Gather each line of the records where "with" appears.

========================

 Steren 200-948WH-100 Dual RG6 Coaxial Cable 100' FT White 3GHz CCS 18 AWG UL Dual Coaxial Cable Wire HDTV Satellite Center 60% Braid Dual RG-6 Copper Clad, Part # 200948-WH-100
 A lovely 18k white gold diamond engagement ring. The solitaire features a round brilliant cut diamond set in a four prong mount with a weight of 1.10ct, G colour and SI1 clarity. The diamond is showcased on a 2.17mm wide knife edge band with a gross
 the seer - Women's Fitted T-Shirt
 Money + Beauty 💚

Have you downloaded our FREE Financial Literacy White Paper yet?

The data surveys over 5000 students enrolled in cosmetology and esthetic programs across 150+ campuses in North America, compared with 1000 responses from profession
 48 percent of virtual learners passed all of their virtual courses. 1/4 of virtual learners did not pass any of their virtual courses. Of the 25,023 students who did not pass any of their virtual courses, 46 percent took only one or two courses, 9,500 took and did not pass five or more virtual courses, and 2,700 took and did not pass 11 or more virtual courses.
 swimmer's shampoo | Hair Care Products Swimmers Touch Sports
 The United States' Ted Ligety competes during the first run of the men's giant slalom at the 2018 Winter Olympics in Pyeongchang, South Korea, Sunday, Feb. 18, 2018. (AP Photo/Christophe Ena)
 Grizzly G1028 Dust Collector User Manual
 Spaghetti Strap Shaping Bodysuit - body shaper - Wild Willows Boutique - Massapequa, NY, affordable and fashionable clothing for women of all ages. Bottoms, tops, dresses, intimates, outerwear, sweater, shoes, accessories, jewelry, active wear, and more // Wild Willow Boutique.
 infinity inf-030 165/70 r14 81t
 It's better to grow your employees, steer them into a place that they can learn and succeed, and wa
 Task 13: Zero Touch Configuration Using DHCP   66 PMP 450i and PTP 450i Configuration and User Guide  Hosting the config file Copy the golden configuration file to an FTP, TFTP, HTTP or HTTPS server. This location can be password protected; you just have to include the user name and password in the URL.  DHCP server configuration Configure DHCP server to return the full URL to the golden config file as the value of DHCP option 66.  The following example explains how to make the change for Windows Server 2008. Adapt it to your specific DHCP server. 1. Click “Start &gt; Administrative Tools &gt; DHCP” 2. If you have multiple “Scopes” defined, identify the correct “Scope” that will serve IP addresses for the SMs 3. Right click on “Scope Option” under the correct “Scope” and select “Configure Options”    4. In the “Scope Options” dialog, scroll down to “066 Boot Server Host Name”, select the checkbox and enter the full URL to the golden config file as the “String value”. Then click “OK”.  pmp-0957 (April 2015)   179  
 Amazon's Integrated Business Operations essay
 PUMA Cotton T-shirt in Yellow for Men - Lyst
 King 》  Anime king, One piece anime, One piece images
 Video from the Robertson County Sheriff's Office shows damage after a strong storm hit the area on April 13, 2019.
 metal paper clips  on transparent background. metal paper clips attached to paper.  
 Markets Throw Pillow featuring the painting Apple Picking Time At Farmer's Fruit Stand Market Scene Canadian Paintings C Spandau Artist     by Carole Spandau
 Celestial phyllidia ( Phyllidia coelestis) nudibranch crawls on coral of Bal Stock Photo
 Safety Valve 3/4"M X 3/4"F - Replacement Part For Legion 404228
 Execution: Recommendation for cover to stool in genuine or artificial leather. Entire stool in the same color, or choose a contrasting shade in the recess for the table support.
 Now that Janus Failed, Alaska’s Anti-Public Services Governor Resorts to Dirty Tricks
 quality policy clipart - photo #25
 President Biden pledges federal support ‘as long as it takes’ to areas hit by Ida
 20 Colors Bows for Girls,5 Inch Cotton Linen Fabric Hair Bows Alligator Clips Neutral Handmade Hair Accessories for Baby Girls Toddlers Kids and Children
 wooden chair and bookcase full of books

========================

> REPLY
 A lovely 18k white gold diamond engagement ring. The solitaire features a round brilliant cut diamond set in a four prong mount with a weight of 1.10ct, G colour and SI1 clarity. The diamond is showcased on a 2.17mm wide knife edge band with a gross
The data surveys over 5000 students enrolled in cosmetology and esthetic programs across 150+ campuses in North America, compared with 1000 responses from profession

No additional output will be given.